She paused on the sidewalk for a moment to pull out her pepper spray, and then continued on and across the street toward Pizza Palace. Once the lights of the restaurant faded and Pepper was deep into the darker residential section of Daisy Drive, she felt herself stepping a little faster down the street.

She wished Sheriff Todd would hurry up and catch the peeper so she didn’t feel uncomfortable in her hometown anymore. With her mini-blinds hung in the kitchen, she’d put the unpleasant incident behind her, but Grant was right: He could be out there right now, creeping through the bushes. Watching her walk home.

Pepper glanced over her shoulder once, secretly hoping that maybe Grant
was
behind her, but the sidewalk was empty and dark. Of all the times he would listen to her . . .

A loud snap of a twig in the yard beside her sent a surge of panic through her. She jumped, her eyes searching the darkness but not seeing any movement. “It’s probably just a raccoon,” she told herself, and started walking double time down the street. She hated that for the second time in a week, she was fearfully dashing through her own neighborhood. If they ever got that peeper, she was going to give him a sharp tap to the twig and berries.
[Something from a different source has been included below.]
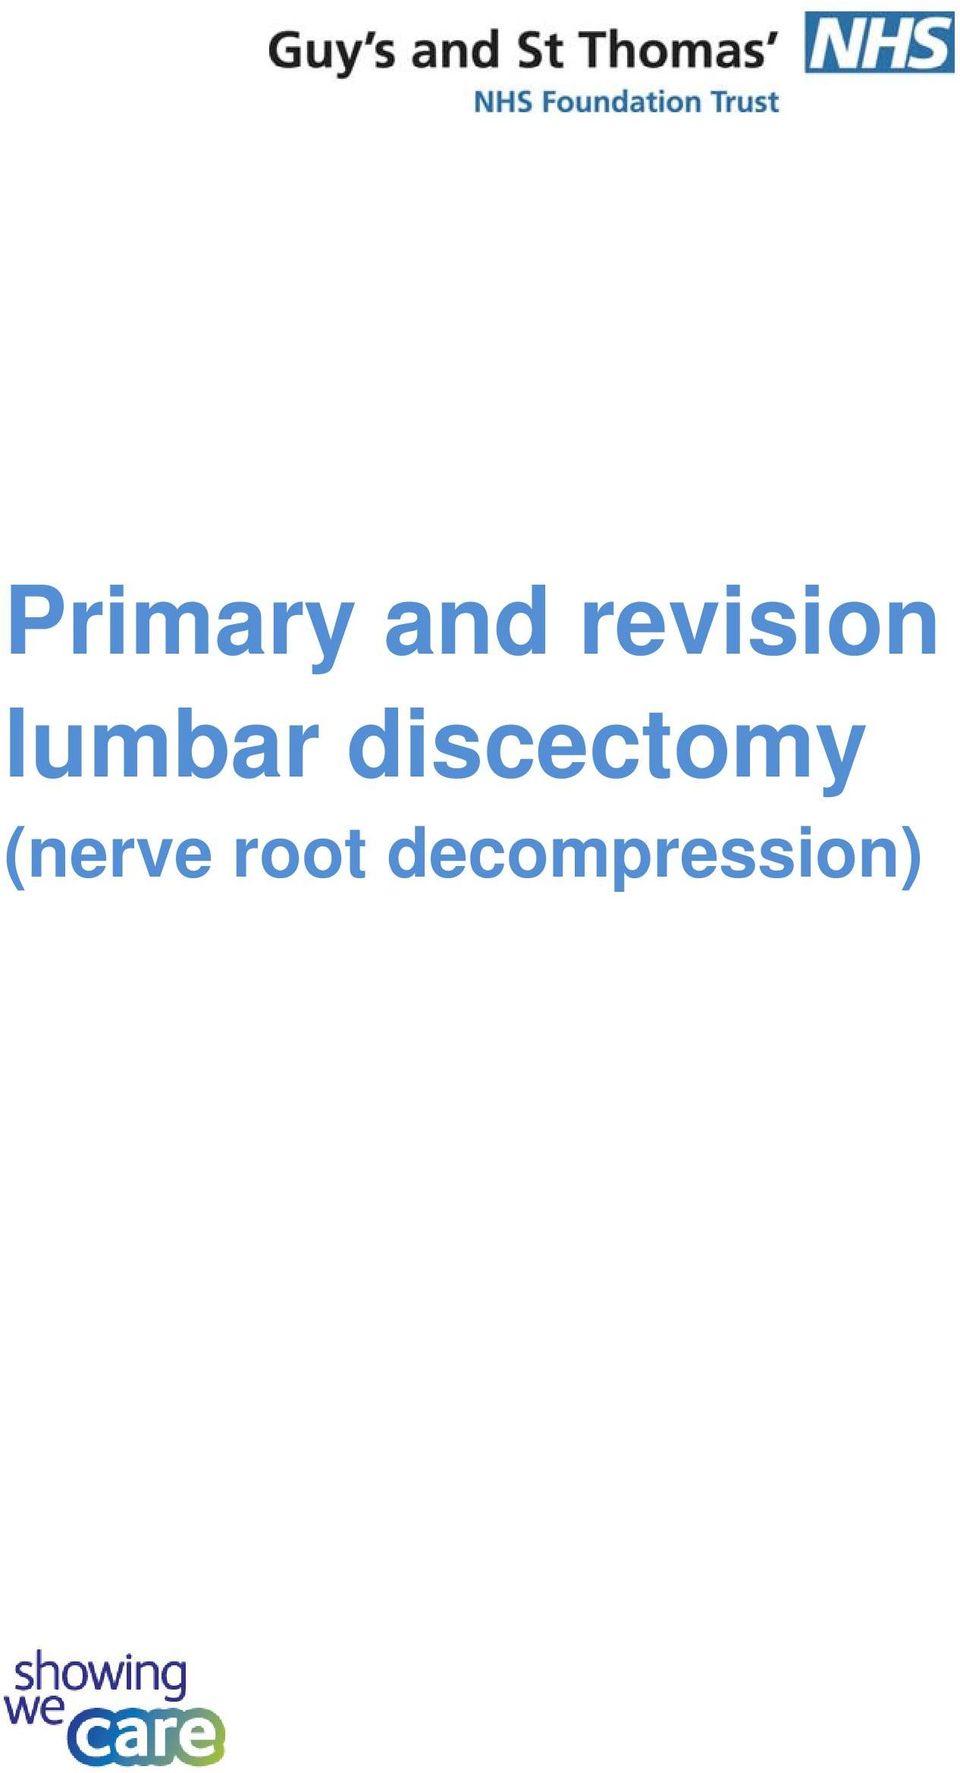 discectomy
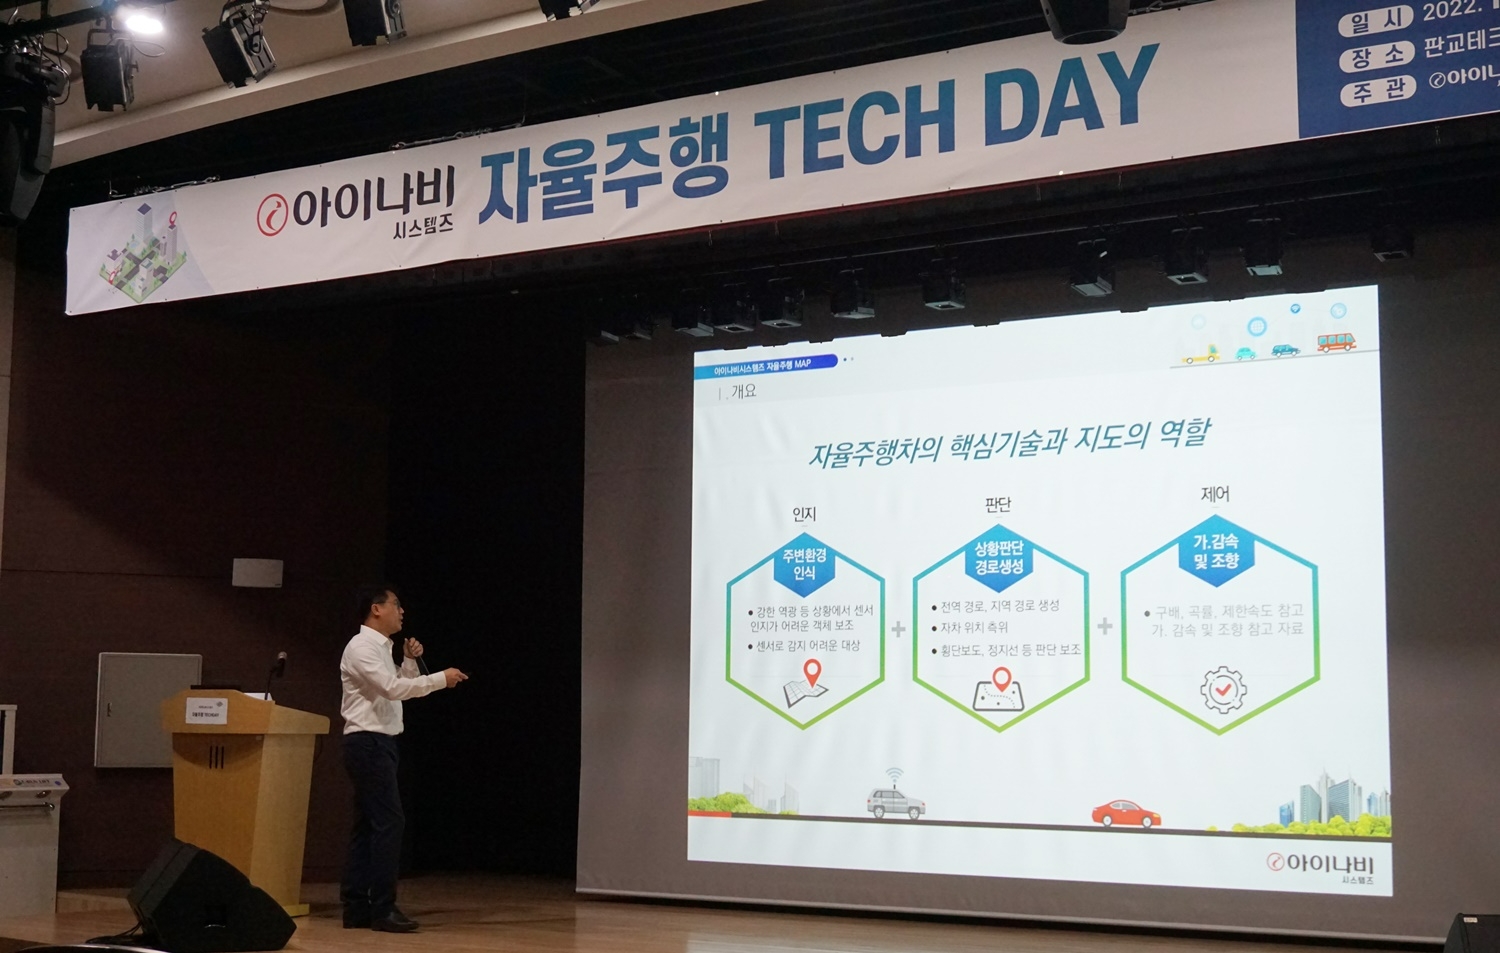 [산업단신] 아이나비시스템즈, ‘자율주행 TECH DAY’ 개최

Up ahead was the intersection with Second Avenue and the streetlights there would be brighter. She was almost to her house. No sweat.

“Pepper?”

She felt someone’s hand brush her shoulder, and reacting instantly, Pepper lifted her pepper spray and pressed the nozzle. It sent a long stream at the dark figure, which backed away and screamed.

“Jesus, Pepper,” the man moaned through clenched teeth. “What’s wrong with you?”

The slumped figure stumbled back into a yard and the porch light illuminated Grant’s bright red, tear-streaked face. He had her scarf in his hand. She must have dropped it. Now he did, letting the fabric slip through his fingers as he fell to his knees. He curled into a ball, groaning, and then whipped his shirt off to rub the material into his eyes.

“Don’t rub, it makes it worse!” Pepper shoved her spray back in her purse and ran up to his side. “You dumbass,” she said, crouching down. “Why the hell are you following me?”

“I wanted you to be safe.” He rolled onto his back and buried the heels of his hands into his eye sockets. “Apparently you don’t need my help.”

“I told you that.”

“Can we argue about how you’re always right after we flush my eyes?”

Pepper looked around, but she couldn’t exactly use someone’s hose in the middle of the night. It was too far to go back to the bar. That left her one regrettable choice. “Yeah, let’s go.”

She helped hoist Grant back to his feet and led him down the street to her front porch. His eyes were puffy and swollen shut. If there was any time she had to let Grant into her house, this was it. He wouldn’t be able to see how bad it was.

Grant stumbled across her hardwood floors to the kitchen. She leaned him over the sink and spent several minutes flushing his eyes with cool water. That seemed to help.

“Stay here, I’m going to get some milk.”

“Thirsty, kitten?”

Pepper sighed. “You know, I thought burning capsaicin in your eyes would shut down that mouth, but I was wrong.” She pulled a jug of milk from the refrigerator and poured some into a bowl. She soaked a couple paper towels in the milk, then carried the bowl into the living room. She left it on the table beside the bed, then returned to the kitchen to retrieve her patient.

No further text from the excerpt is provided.